Perhaps Korn's greatest contribution in Assassination in Khartoum is to raise questions about an appropriate response to a hostage-taking incident. What should a government do when it cannot rescue hostages? How should it act when the lives of hostages hang in the balance? Is negotiation and ransom an appropriate reponse when that is the only way to save innocent lives? Korn endorses the advice given by the FBI to Armin Meyer: do everything to save lives and then go after the perpetrators. The author underscores, as the only avenue when all else fails, U.S. acquiescence to the ransoming of Ambassadors Clinton E. Knox in 1972 and Burke Elbrick in 1969, and Golda Meir's secret agreement to ransom the Israeli athletes at the Olympic games in Munich.
At the same time, Korn expresses a legitimate concern about the need to adopt policies that do not preclude ransom. Such policies could have saved the lives of Noel and Moore. But a willingness to pay ransom, however defined, should not be the centerpiece of a policy--it would only encourage terrorist acts. More important, the U.S. government should pursue terrorists regardless of whether they have been paid ransom or not. Moreover, ransom should never publicly be acknowledged and should be delivered through third parties or by other indirect means.

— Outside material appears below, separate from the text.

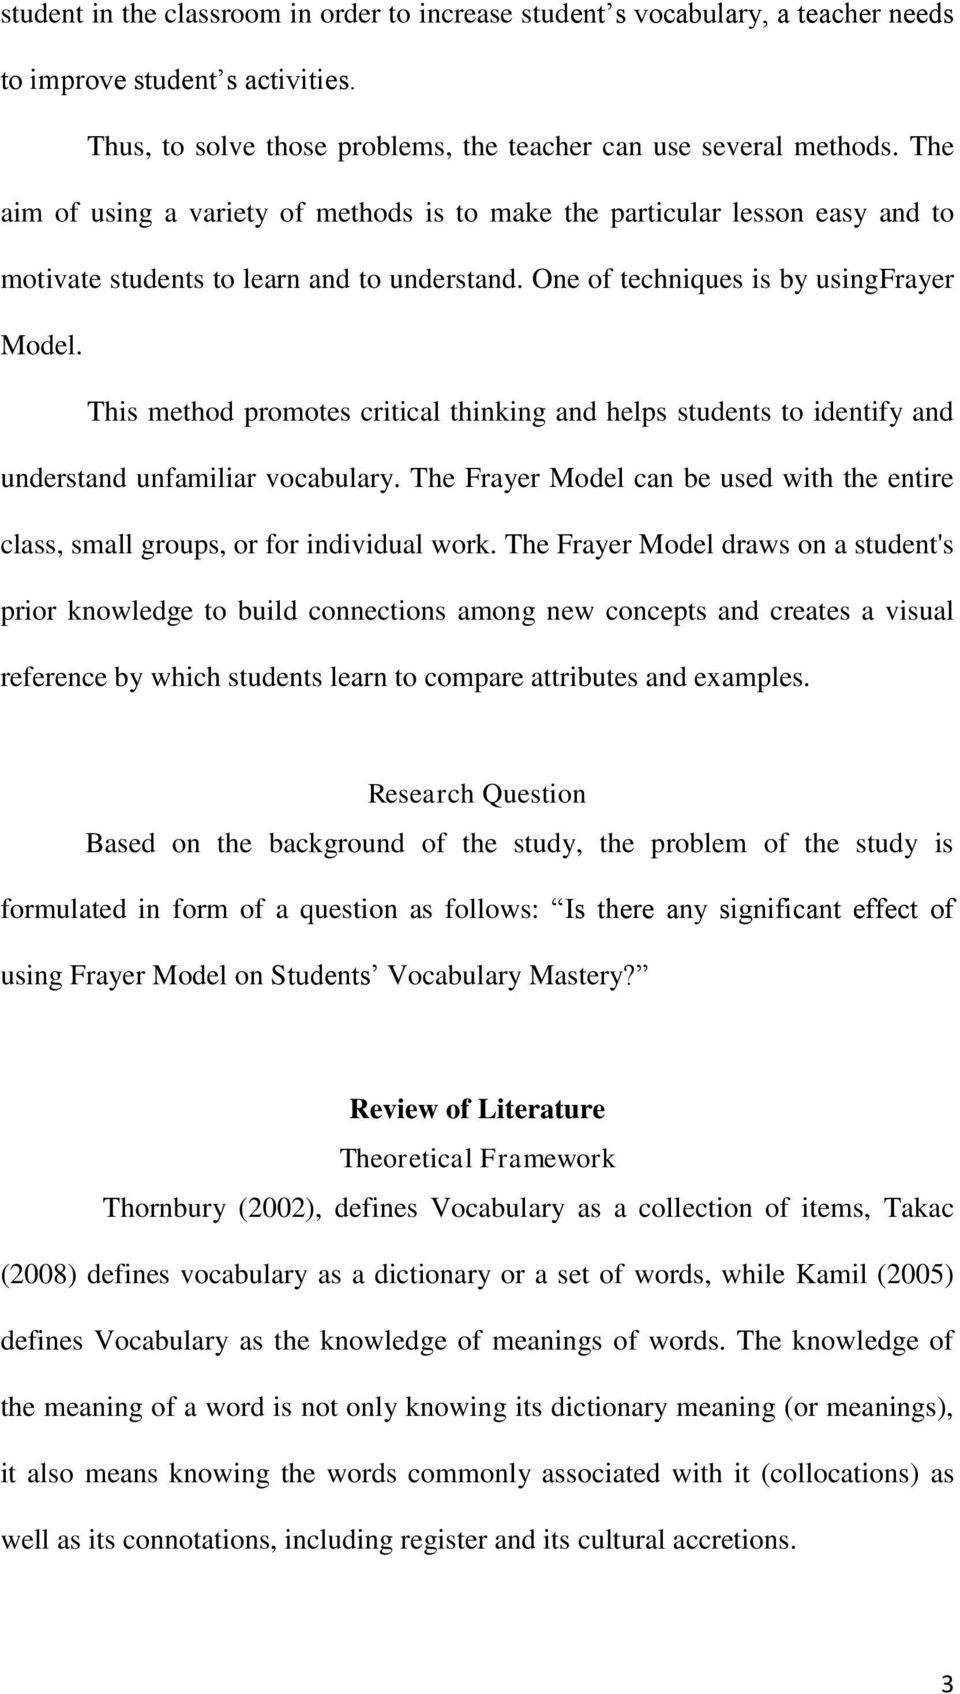 This method promotes critical thinking and helps students to identify and understand unfamiliar vocabulary. The Frayer Model can be used with the entire class, small groups, or for individual work.

And the paying of ransom should not preclude active attempts to pursue terrorists and bring them to justice after the event. In other words, paying ransom is appropriate only as a last resort to save lives when all other measures are thought to be unworkable.
Assassination in Khartoum is beautifully written and contributes significantly to public awareness of this important incident and, more broadly, of terrorism and the human problems in dealing with terrorist incidents. It is also timely. The book should remind Yasir Arafat, as he seeks to improve relations with the United States, that there are many in this country who have not forgetten the deaths of Cleo Noel and Curt Moore, and that forgiveness will come only if responsibility is acknowledged and atonement made.